OK, sure. It's a little odd from a layering point of view, because the 
callee
"helpfully" unpins the pages for you (wheee!), but the updated comment
highlights that, at least.

And actually this whole thing of "pin the pages, just for a short time, even
though you're not allowed to" is partly why this area is so entertaining.

> 
> diff --git a/mm/gup.c b/mm/gup.c
> index a82890b46a36..81fc8314e687 100644
> --- a/mm/gup.c
> +++ b/mm/gup.c
> @@ -2403,8 +2403,9 @@ static int migrate_longterm_unpinnable_folios(
>    * -EAGAIN. The caller should re-pin the entire range with FOLL_PIN 
> and then
>    * call this routine again.
>    *
> - * If an error other than -EAGAIN occurs, this indicates a migration 
> failure.
> - * The caller should give up, and propagate the error back up the call 
> stack.
> + * If an error occurs, all folios are unpinned. If an error other than
> + * -EAGAIN occurs, this indicates a migration failure. The caller 
> should give
> + * up, and propagate the error back up the call stack.
>    *
>    * If everything is OK and all folios in the range are allowed to be 
> pinned,
>    * then this routine leaves all folios pinned and returns zero for 
> success.
> @@ -2437,8 +2438,10 @@ static long 
> check_and_migrate_movable_pages(unsigned long nr_pages,
>          long i, ret;
> 
>          folios = kmalloc_array(nr_pages, sizeof(*folios), GFP_KERNEL);
> -       if (!folios)
> +       if (!folios) {
> +               unpin_user_pages(pages, nr_pages);
>                  return -ENOMEM;
> +       }
> 
>          for (i = 0; i < nr_pages; i++)
>                  folios[i] = page_folio(pages[i]);
> 
> 
> 
> Then, check_and_migrate_movable_pages() will never return with an error and
> having folios pinned.
> 
> 
> If check_and_migrate_movable_pages() -> check_and_migrate_movable_folios()
> returns "0", all folios remain pinned an no harm is done.
> 
> 
> Consequently, I think patch #2 is not really required, because it doesn't
> perform the temporary allocation that could fail with -ENOMEM.
> 

Yes!

> 
> Sorry for taking a closer look only now ...
> 

It's all still in review, so the timing is perfectly fine. I really
appreciate the closer look, it's definitely making things better.


thanks,
-- 
John Hubbard

Re: [PATCH v2 1/2] mm/gup: stop leaking pinned pages in low memory conditions
Posted by Alistair Popple 1 month ago
John Hubbard <jhubbard@nvidia.com> writes:

> On 10/18/24 12:47 AM, David Hildenbrand wrote:
>> On 18.10.24 03:17, John Hubbard wrote:

[...]

> And actually this whole thing of "pin the pages, just for a short time, even
> though you're not allowed to" is partly why this area is so entertaining.

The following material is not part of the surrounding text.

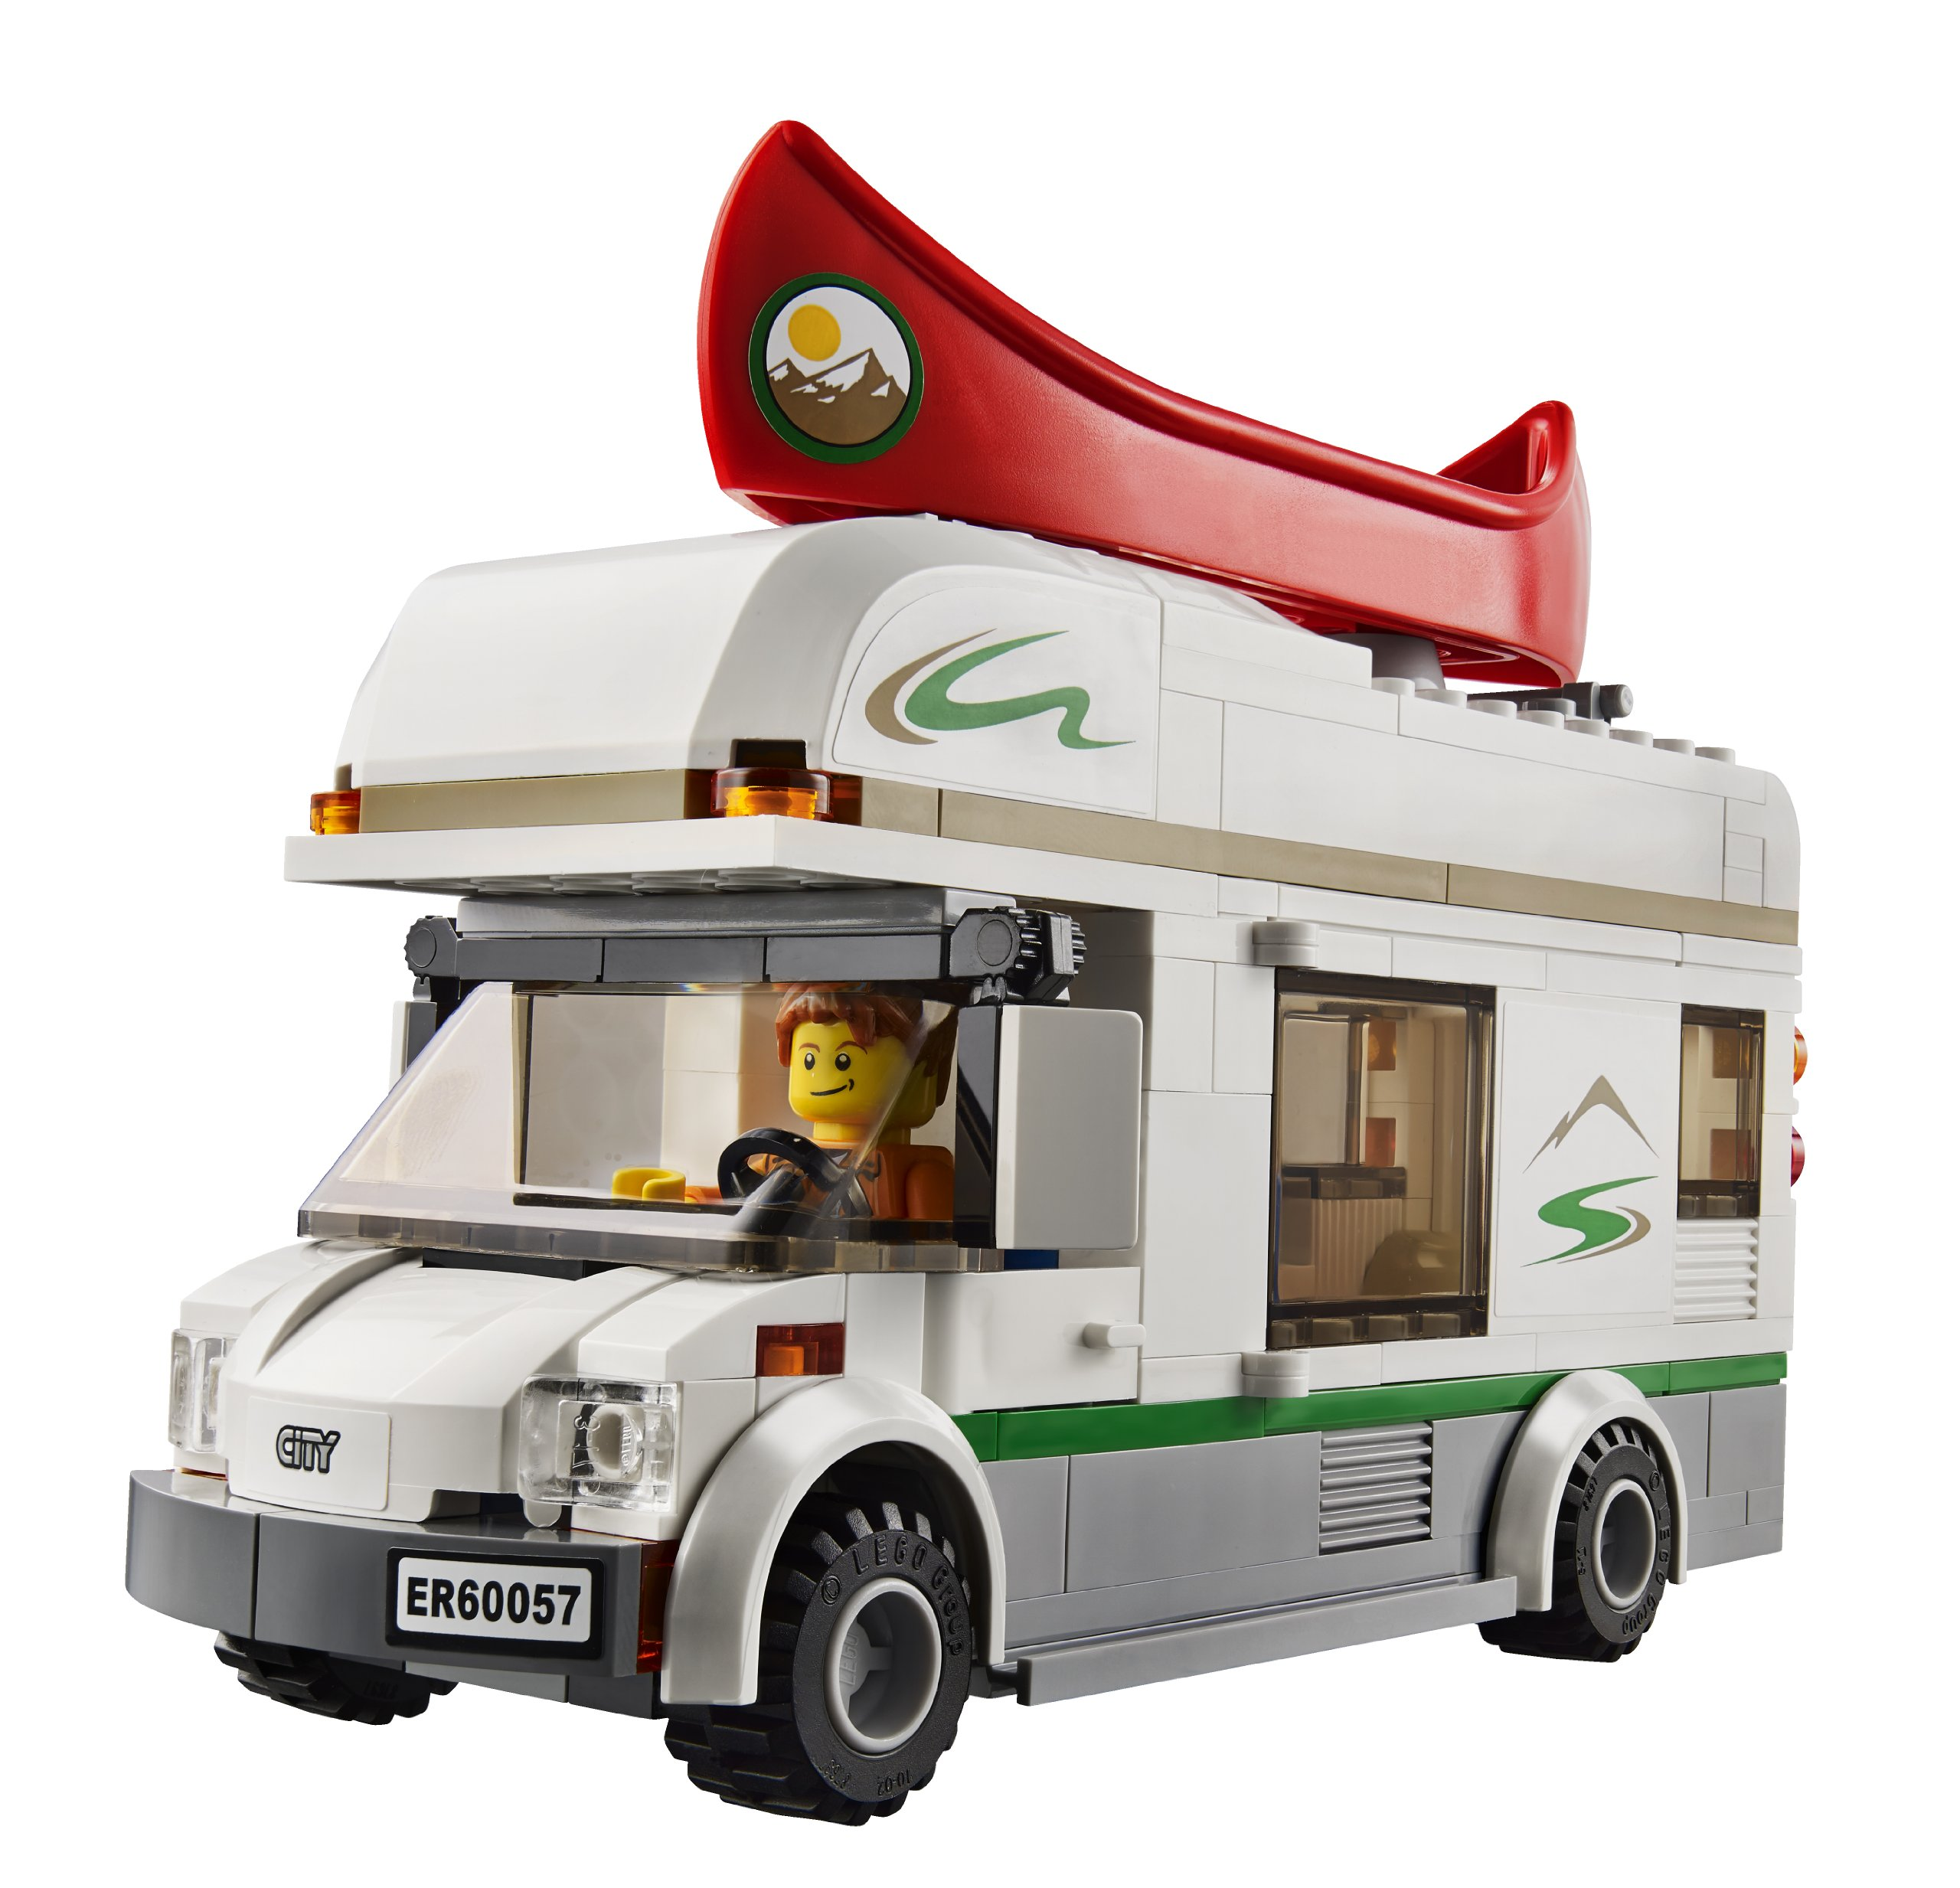 Retired 2014 #60057 NEW LEGO City Camper Van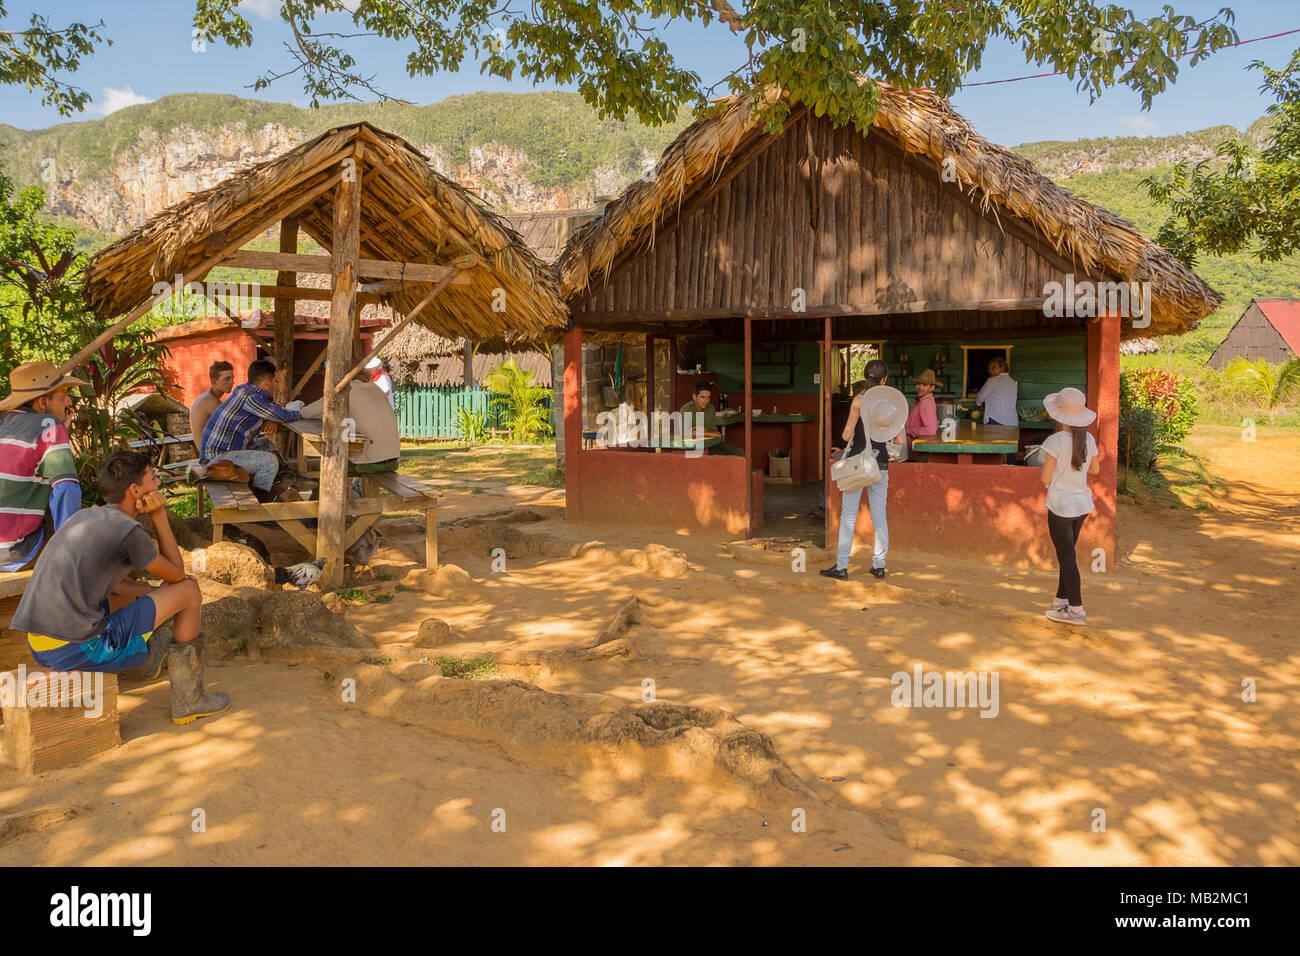 Vinales, Cuba - December 5, 2017: Cubans and tourists relaxing at farm bar - Stock Image

I'm looking at your v3 but as an aside I disagree with this
statement. AFAIK you're always allowed to pin the pages for a short time
(ie. !FOLL_LONGTERM), or did I misunderstand your comment?

>> diff --git a/mm/gup.c b/mm/gup.c
>> index a82890b46a36..81fc8314e687 100644
>> --- a/mm/gup.c
>> +++ b/mm/gup.c
>> @@ -2403,8 +2403,9 @@ static int migrate_longterm_unpinnable_folios(
>>    * -EAGAIN. The caller should re-pin the entire range with
>> FOLL_PIN and then
>>    * call this routine again.
>>    *
>> - * If an error other than -EAGAIN occurs, this indicates a
>> migration failure.
>> - * The caller should give up, and propagate the error back up the
>> call stack.
>> + * If an error occurs, all folios are unpinned. If an error other than
>> + * -EAGAIN occurs, this indicates a migration failure. The caller
>> should give
>> + * up, and propagate the error back up the call stack.
>>    *
>>    * If everything is OK and all folios in the range are allowed to
>> be pinned,
>>    * then this routine leaves all folios pinned and returns zero for
>> success.
>> @@ -2437,8 +2438,10 @@ static long
>> check_and_migrate_movable_pages(unsigned long nr_pages,
>>          long i, ret;
>>          folios = kmalloc_array(nr_pages, sizeof(*folios),
>> GFP_KERNEL);
>> -       if (!folios)
>> +       if (!folios) {
>> +               unpin_user_pages(pages, nr_pages);
>>                  return -ENOMEM;
>> +       }
>>          for (i = 0; i < nr_pages; i++)
>>                  folios[i] = page_folio(pages[i]);
>> Then, check_and_migrate_movable_pages() will never return with an
>> error and
>> having folios pinned.
>> If check_and_migrate_movable_pages() ->
>> check_and_migrate_movable_folios()
>> returns "0", all folios remain pinned an no harm is done.
>> Consequently, I think patch #2 is not really required, because it
>> doesn't
>> perform the temporary allocation that could fail with -ENOMEM.
>> 
>
> Yes!
>
>> Sorry for taking a closer look only now ...
>> 
>
> It's all still in review, so the timing is perfectly fine. I really
> appreciate the closer look, it's definitely making things better.
>
>
> thanks,
Re: [PATCH v2 1/2] mm/gup: stop leaking pinned pages in low memory conditions
Posted by John Hubbard 1 month ago
On 10/20/24 3:59 PM, Alistair Popple wrote:
> John Hubbard <jhubbard@nvidia.com> writes:
>> On 10/18/24 12:47 AM, David Hildenbrand wrote:
>>> On 18.10.24 03:17, John Hubbard wrote:
> [...]
>> And actually this whole thing of "pin the pages, just for a short time, even
>> though you're not allowed to" is partly why this area is so entertaining.
> 
> I'm looking at your v3 but as an aside I disagree with this
> statement. AFAIK you're always allowed to pin the pages for a short time
> (ie. !FOLL_LONGTERM), or did I misunderstand your comment?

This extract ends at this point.